In another project, The Bosque on the new Lincoln Center roof in New York City, Urban worked with Diller, Scofidio + Renfro on planting 30 trees on a roof deck. "There were lots of obstacles — everything is going on in the built urban environment." Urban navigated the shallow roof, elaborate lighting systems, and thin paving on top of the deck. He ended up adding in "geogrids" and gravel that helped ensure the new platform could provide a safe growing environment for trees and also bear the weight of a light pick-up truck or ambulance.

Urban added that in addition to the CO2 emissions created from hauling in those soils, there were also tons of emissions released from the trailers and cranes that were used to install the huge trees. "Are urban trees really sustainable? Our carbon footprint was so large that these trees will never be able to sequester the amount we just put into the atmosphere." He argued landscape architects must stop pretending urban trees sequester carbon when they are actually net-producers of carbon if you factor in transportation and installation. 

Still, many progressive city governments including New York City see massive tree planting campaigns as a core part of their climate adaptation plans. Perhaps the questions are: Is there a way to mitigate uban trees' installation and transportation-related emissions in the short-term with a greener installation technique? If not, does improved long-term resiliency to climate change somehow make up for increased short-term CO2 emissions?
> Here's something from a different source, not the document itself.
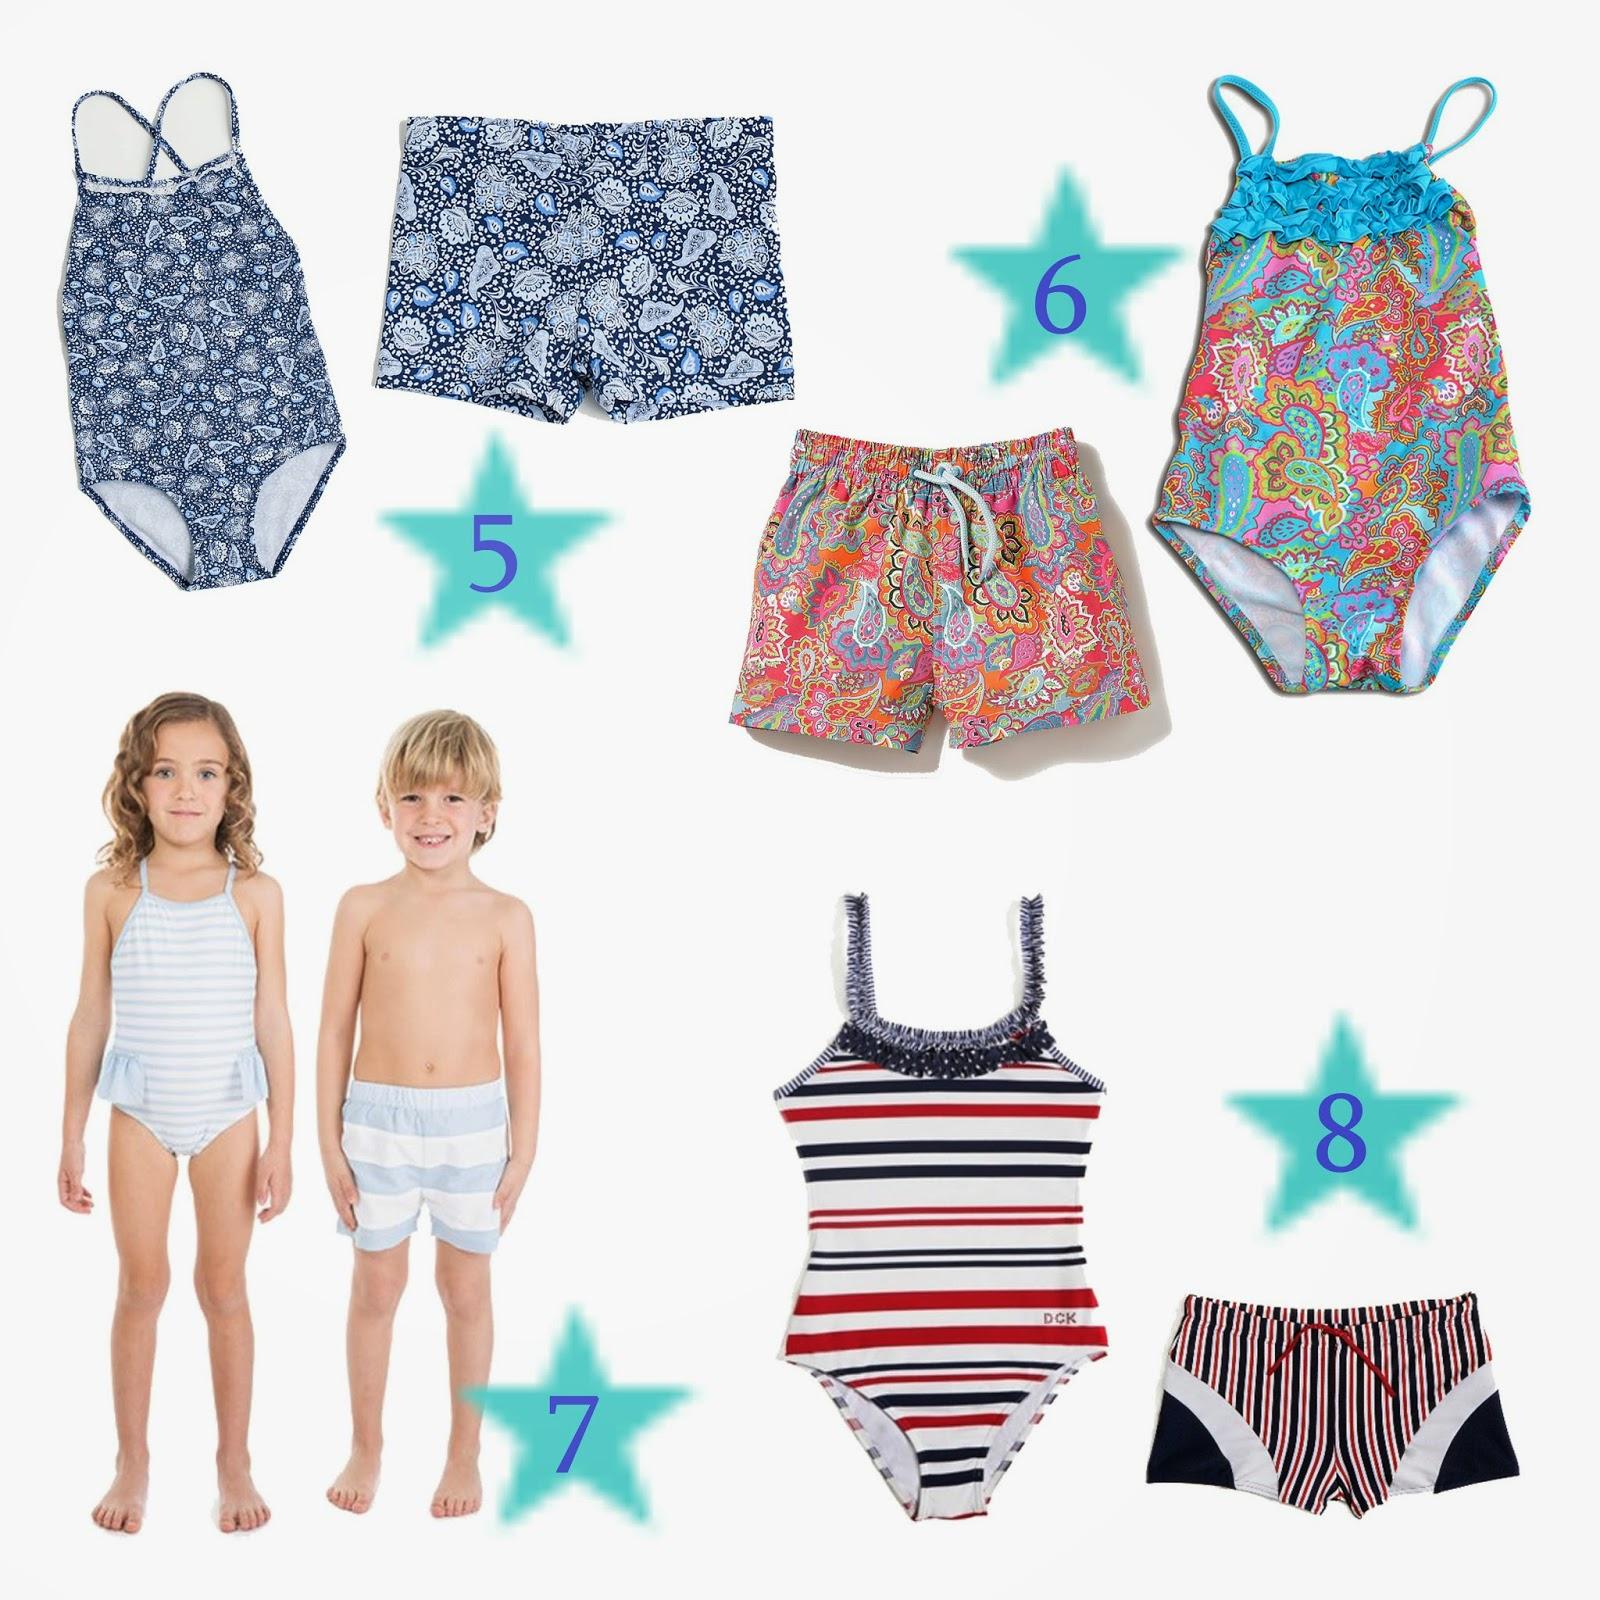 photo-kids-swimsuits-bañadores-2014-zara-byb-gocco-dolores_cortes

Urban Trees Are Key to Successful Public Spaces

Peter Schaudt outlined his firm's well-regarded Uptown Normal traffic circle (see earlier post) in Normal, Illinois, which was funded by federal, state, and local governments, "so you can imagine the number of meetings." Schaudt decided to create a "people space in the center of a roundabout," which some government officials didn't think would be safe.

Schaudt thinks the new space, which features a set of urban trees, outer lawn, bog water infiltration sytsem, and circular stream filled with cleansed water, represents the "park of the future." Instead of seeming dangerous, the circle interior offers a safe space in large part due to the trees, which separate the cars from the social space. Trees in the traffic circle and nearby streets were also supported by silva cells, loam and drip irrigation, using Urban's approach but on a smaller scale.
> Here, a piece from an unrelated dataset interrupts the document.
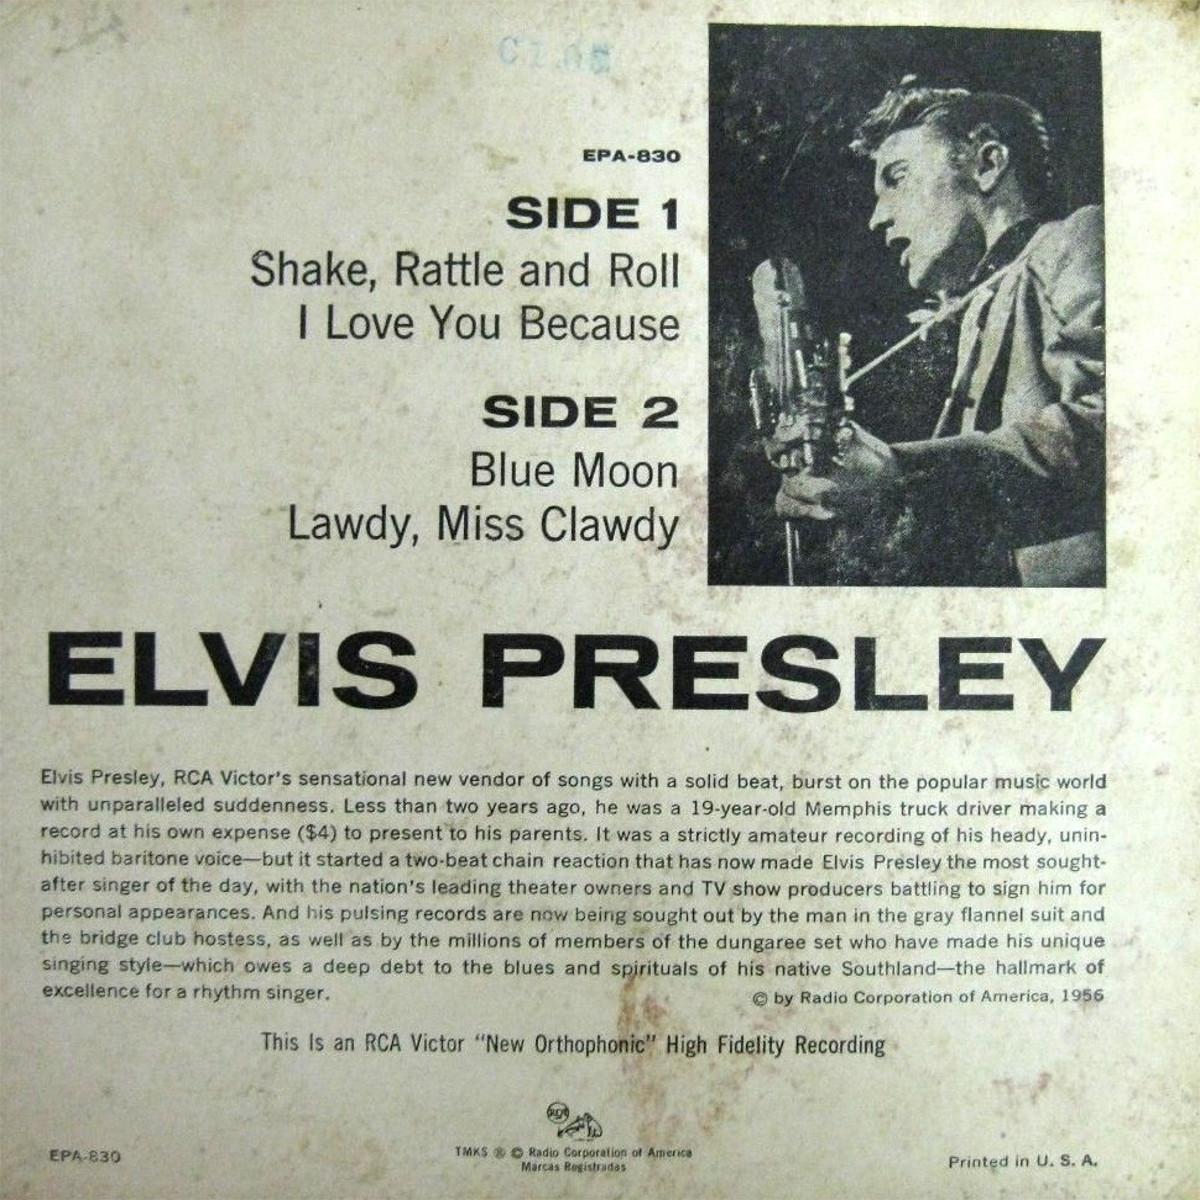 Presley - ELVIS PRESLEY Epa830bfdr5d

The circle's trees were set-up to live a long time – Schaudt says he plans for the "4th dimension — time," and likes to show clients what the site will look like in 25 years.
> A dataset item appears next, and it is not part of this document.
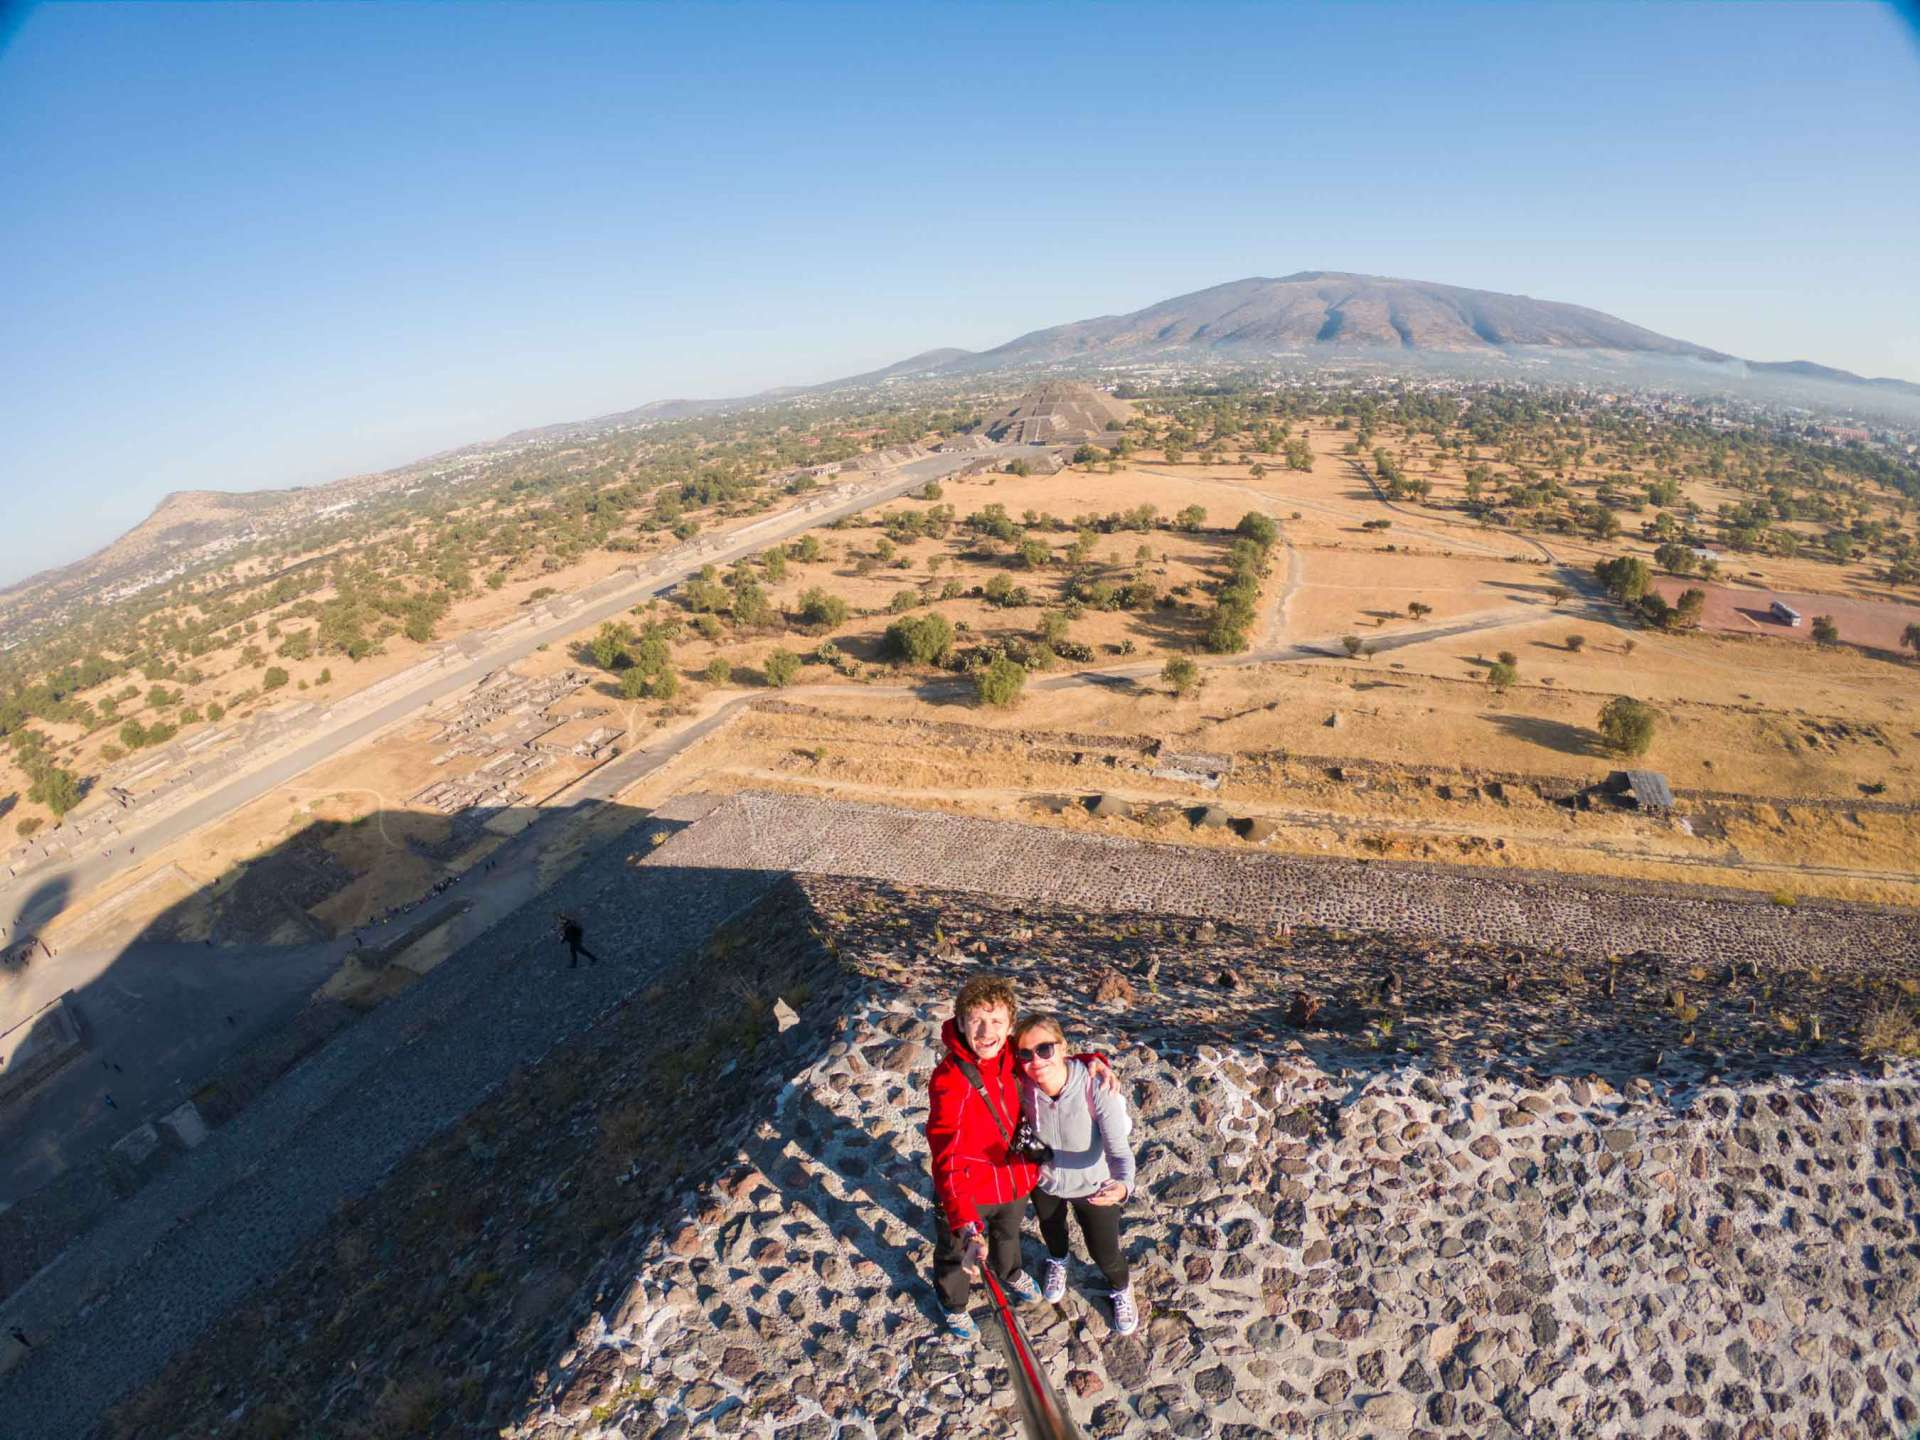 Teotihuacan Pyramids Mexico City Enrico Pescantini photographer 2

Lastly, MacDonagh added that well-planted trees are not only more cost-efficient, they also provide more ecosystem benefits. To demonstrate cost-efficiency, he pointed to research conduced by Minneapolis' government, which found that they could either spend $3.5 million on new stormwater conveyance pipes to deal with runoff or spend $1.5 million on silva cell systems. On ecosystem service benefits, another study showed that 13-year old trees planted in standard structured soils had a net cost of $3,000, while a 50-year old tree planted in bioretention soils and silva cells offered $9,000 in benefits over its total lifecycle.